I've seen a lot of posts today that say something along the lines of "we need to stop praying and start actually doing something", and I reject that. I understand that many of these posts come from hearts hardened to my God, people that don't care to or cannot fathom my belief sight unseen. Because if only they knew my Jesus, they'd know the only thing I can do is pray. They'd know that prayer is the most powerful quality I have. Prayer has saved me from fears of homelessness, fears of mental health, broken relationships, abusive mindsets and other terrible situations. Prayer saved my college career and ultimately it saved my life. 

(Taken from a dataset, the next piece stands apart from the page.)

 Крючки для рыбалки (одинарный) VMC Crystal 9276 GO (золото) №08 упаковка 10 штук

I don't know about you, but I tend to have a pretty big savior complex. I have pretty terrible self-esteem, but there is also an arrogance that tells me I can handle it. Perhaps even in writing this know, I'm saying that I have some kind of answer. But when I start to think that I can save myself, that I can fix other's problems, that I have the answers no one else has thought of; well, that's when I hit rock bottom. Prayer humbles me. It tells me that I am powerless without an all-powerful God. I cannot help what happened in Las Vegas on my own. But I can cry out to God and ask for help, ask for healing, ask for mercy. I cannot end the suffering, but I can pray to the One who ultimately suffered that we may one day suffer no more. 

Prayer is all I have, and today, I'm praying for peace, empathy, understanding, love. I'm praying for those who had loved one's stolen today. I'm praying for those who walked away from that concert without the one they walked in with. I'm praying for the family of Stephen Paddock who seems so blindsided by this tragedy. I'm praying for those fighting to hold on today. I'm praying that tomorrow and the next day, I might have the courage to seek out the lonely and isolated and tell them how much I think they're worth. I'm praying that these tragedies will not force me into submission of fear, but that I will continue to give myself to others. I'm praying for hands like Jesus'. Hands that hold, that comfort, that give until they can't any longer. I praying for you and I'm praying for me. 

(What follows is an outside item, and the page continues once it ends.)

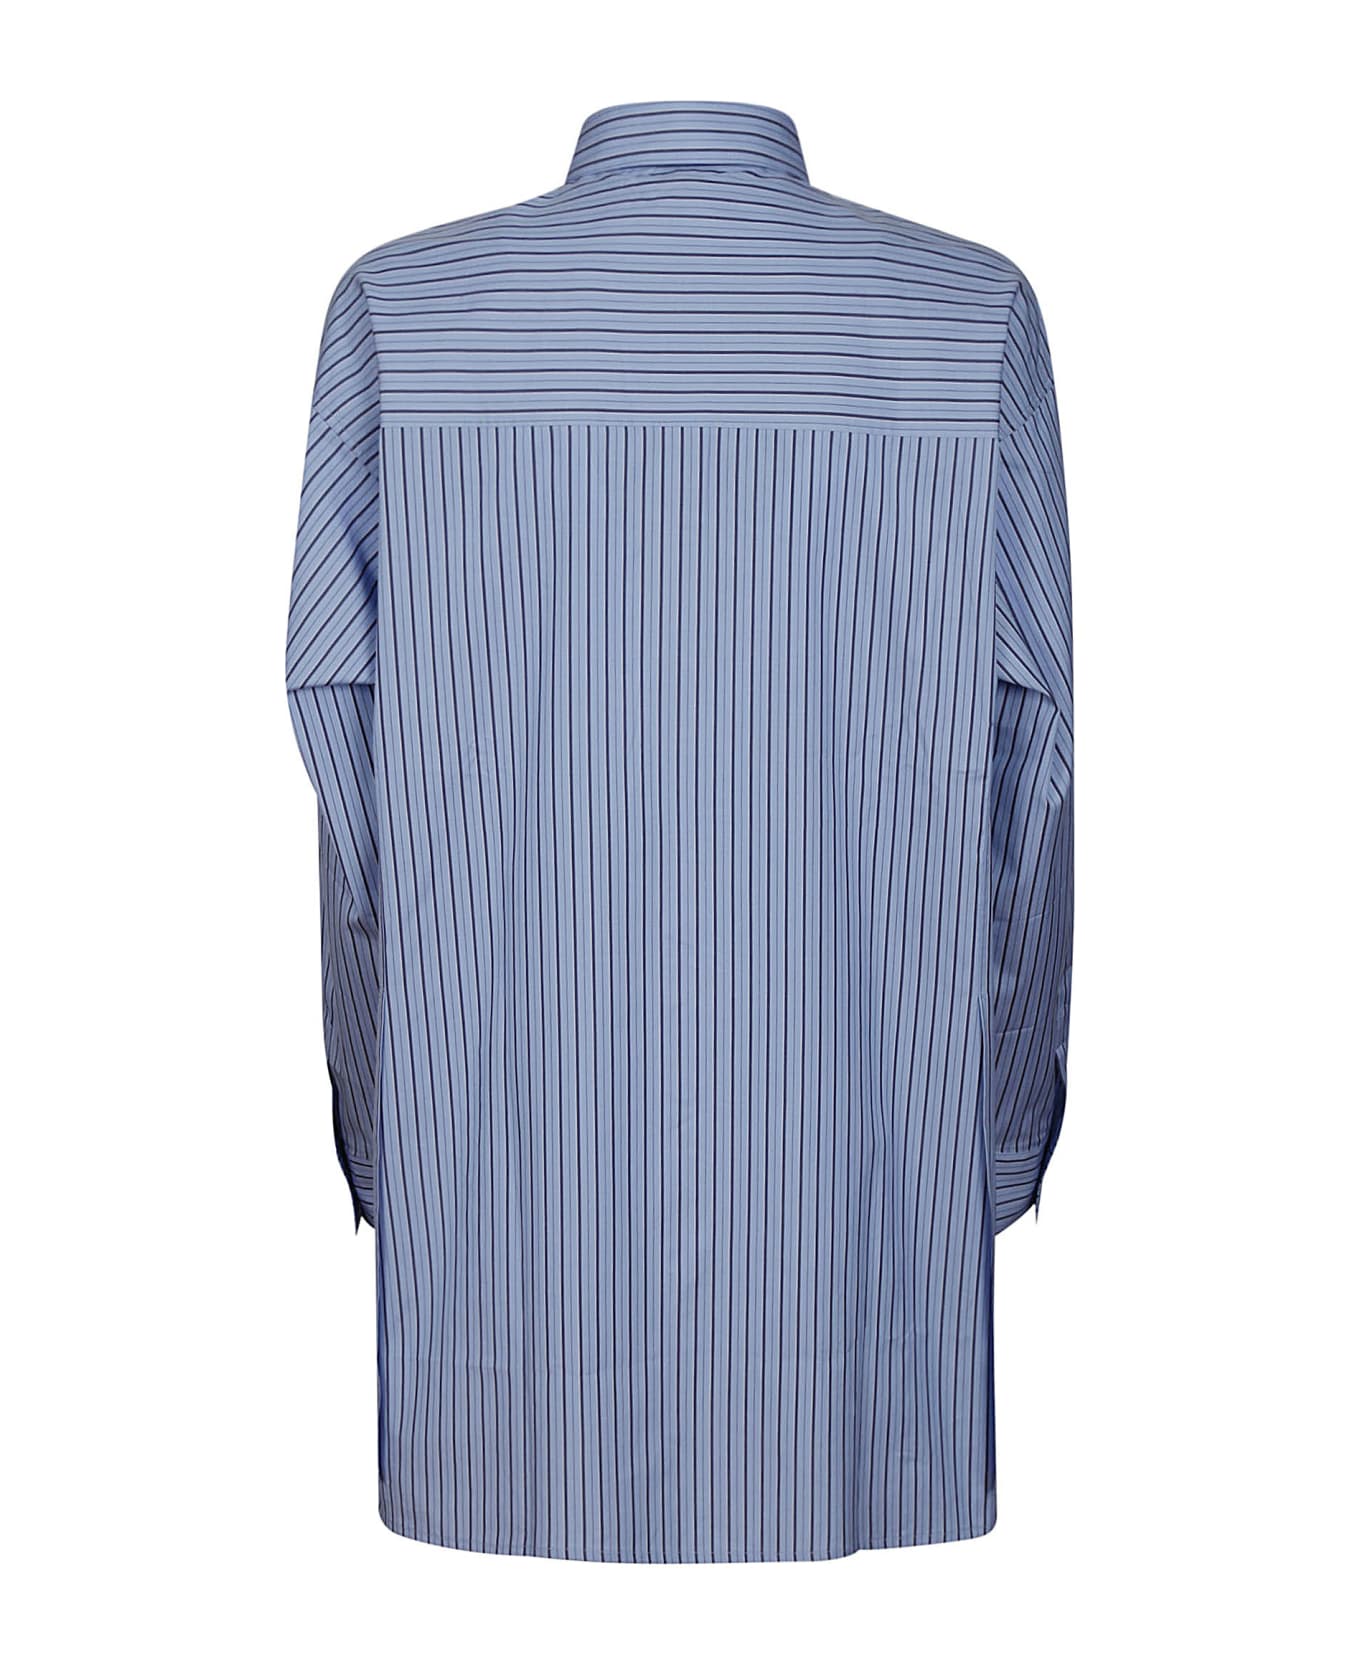 Aspesi Shirt 5455 - Riga Blu シャツ

And if prayer just isn't something you can bring yourself to right now, that's okay. There are valleys for all of us. There are blood banks desperately in need of your blood type, gofundme pages seeking your donations, and friends that need your soft shoulder and comforting ear. If prayer isn't your power, I urge you to seek kindness when it would be so much easier to just turn the other direction, call your representatives and talk to them about the importance of gun control and mental health care. (We as the hands and feet of the body should be seeking these routes also). Finally, don't let the sunrise tomorrow with you already archiving the Las Vegas shooting. Hold these names, these faces, these prayers with you, carry their pain to Jesus.